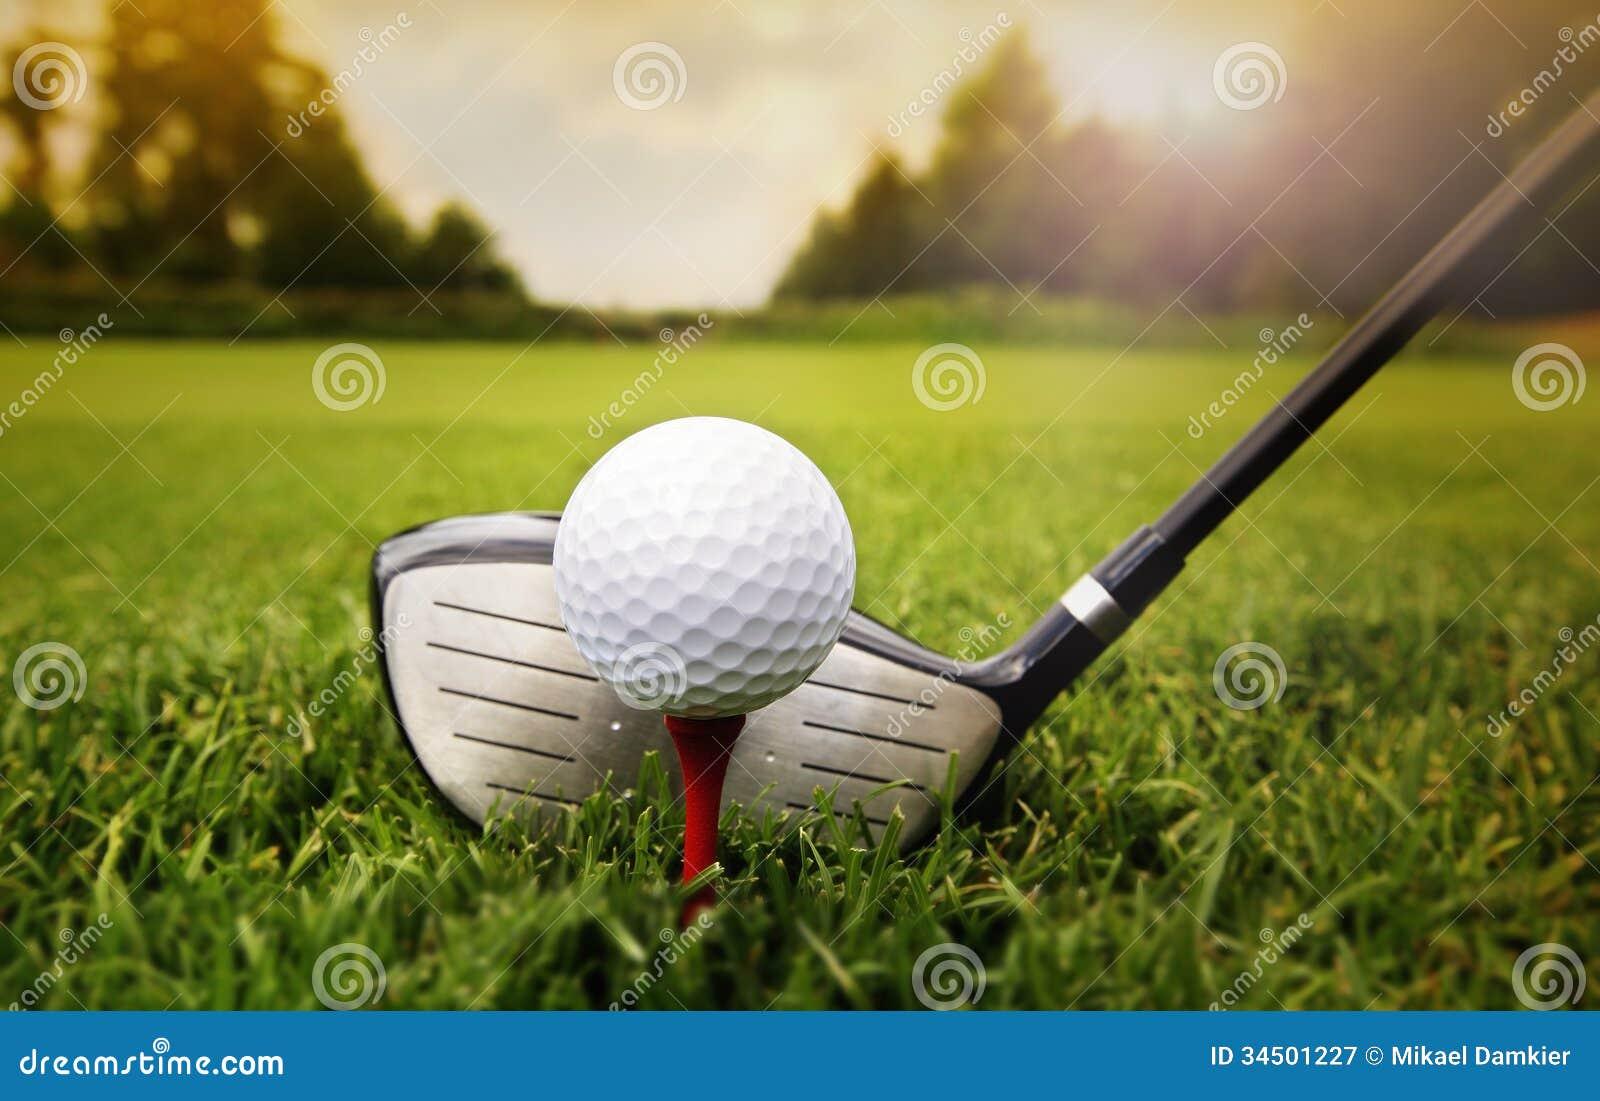 Golfklubb och boll i gräs
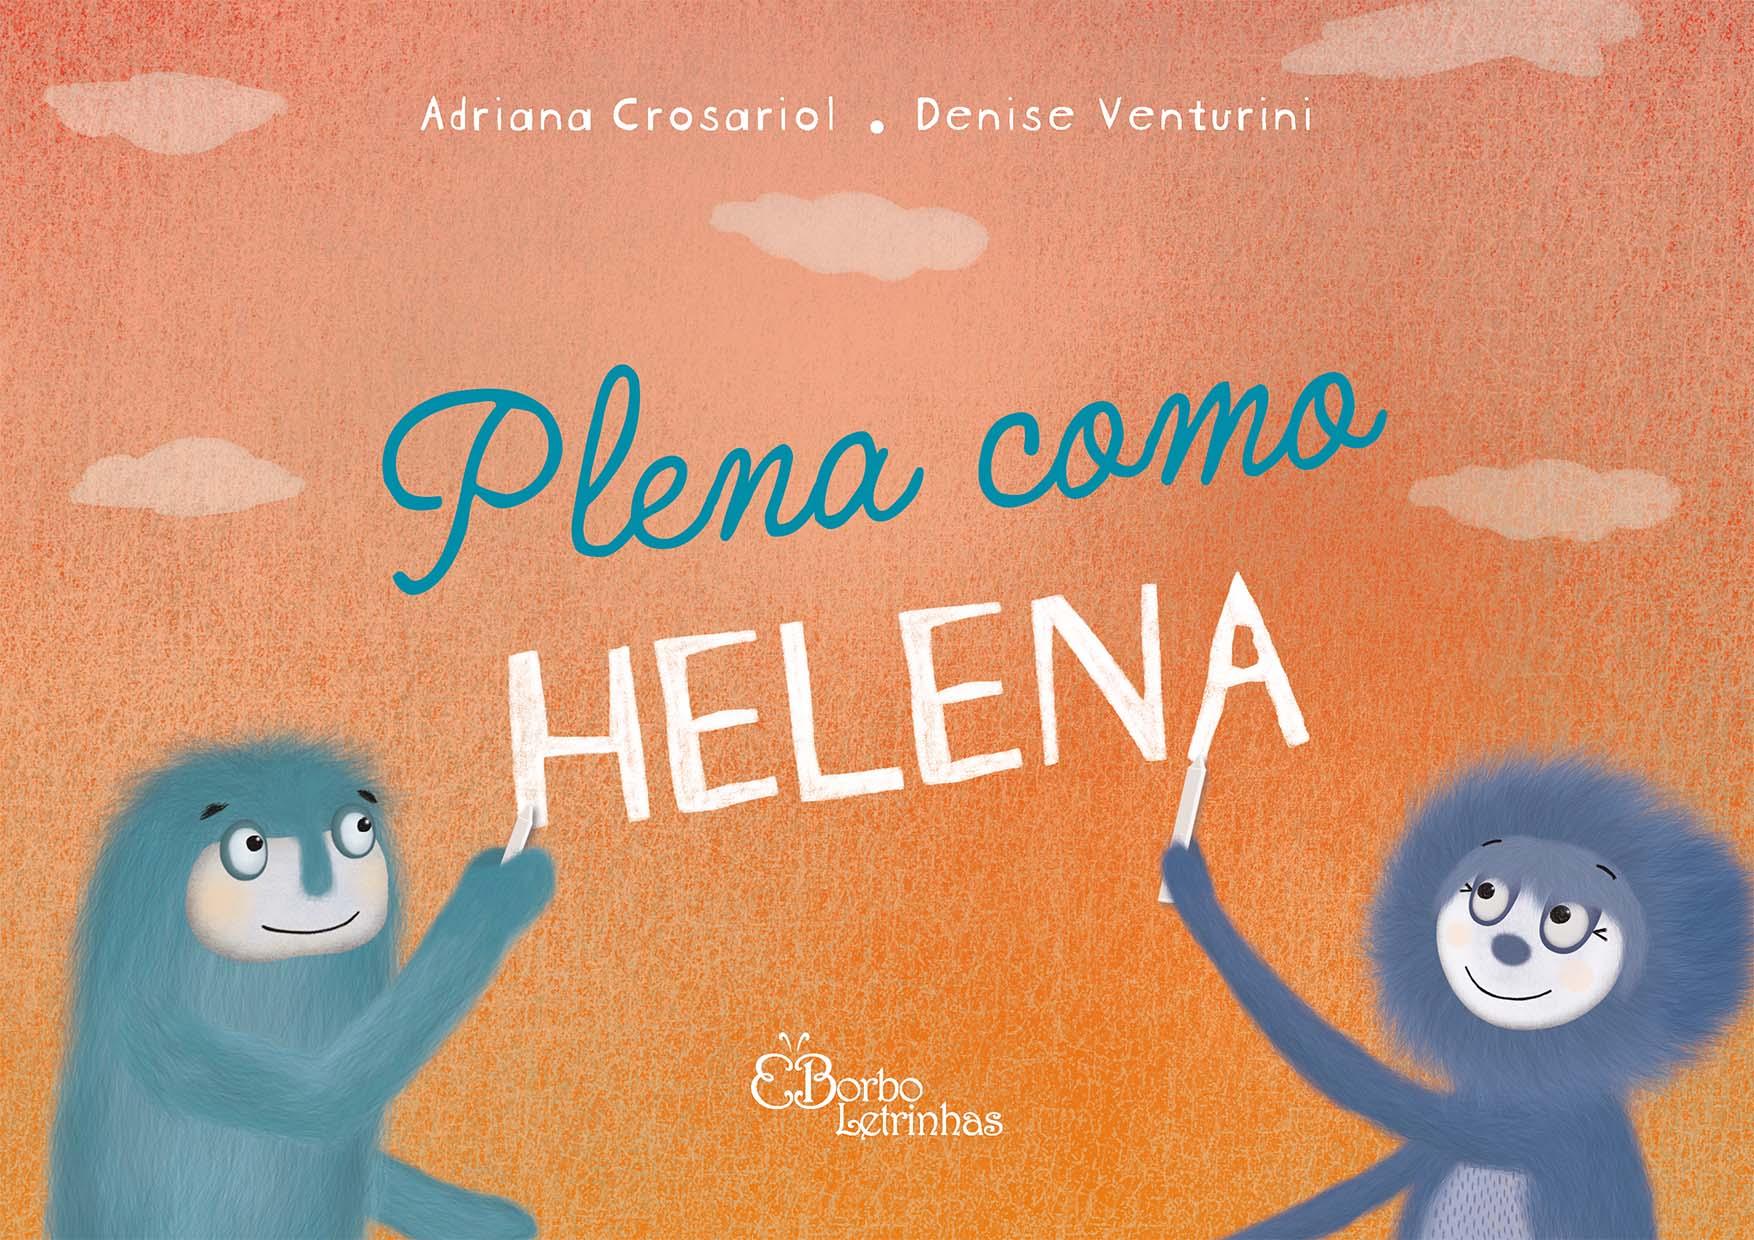 Plena como Helena
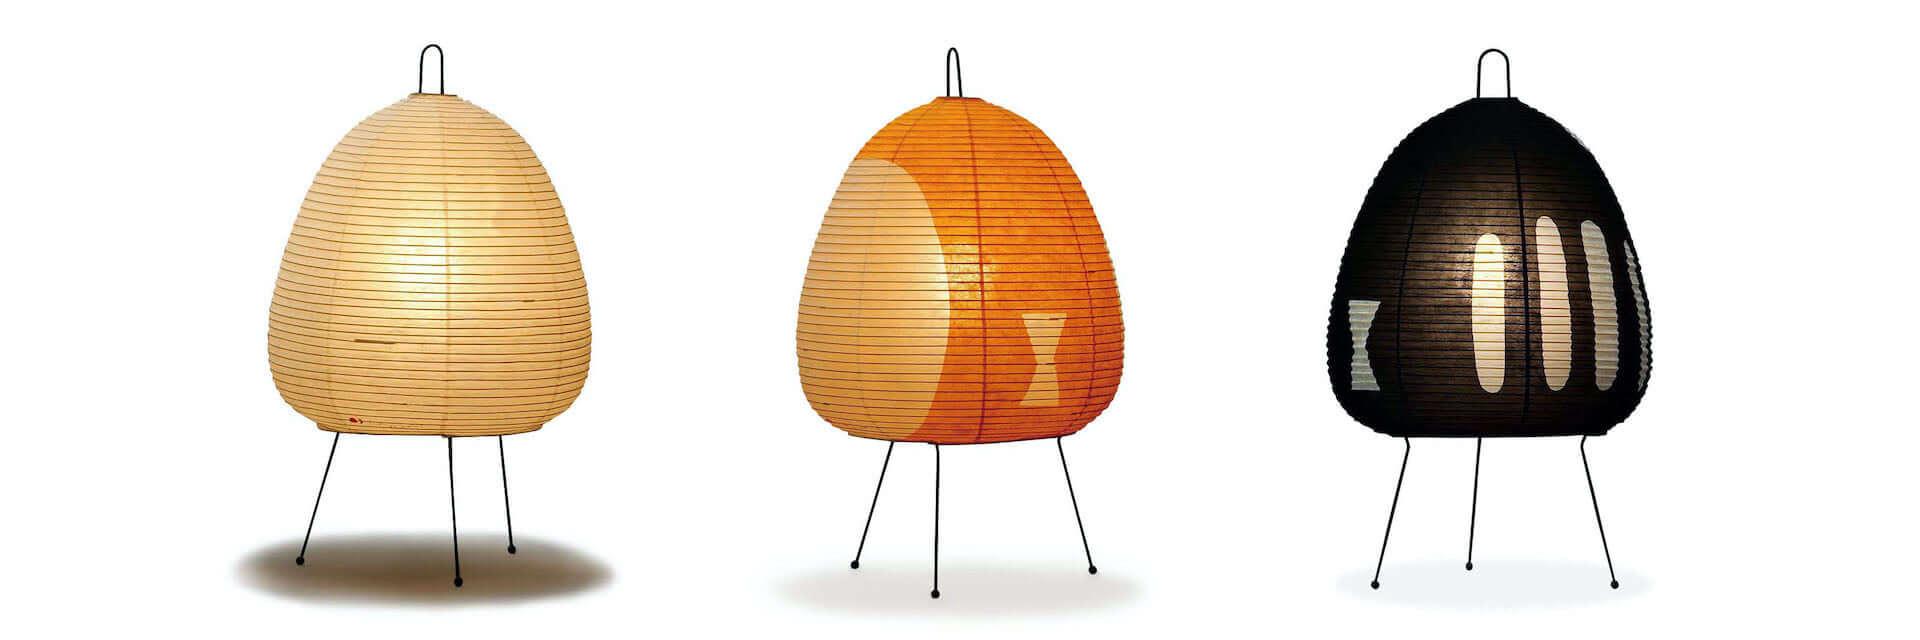 MoMA Design Storeによる日本発のグッドデザイン特集が公開!イサム・ノグチの照明、五十嵐威暢のトランプなど多数ラインナップ art210115_momastore_7-1920x640

§ Work item:
Exactly as written, return every line of the listing, but not the pictures.

§ Result below:
 Golfklubb och boll i gräs
 Plena como Helena
 MoMA Design Storeによる日本発のグッドデザイン特集が公開!イサム・ノグチの照明、五十嵐威暢のトランプなど多数ラインナップ art210115_momastore_7-1920x640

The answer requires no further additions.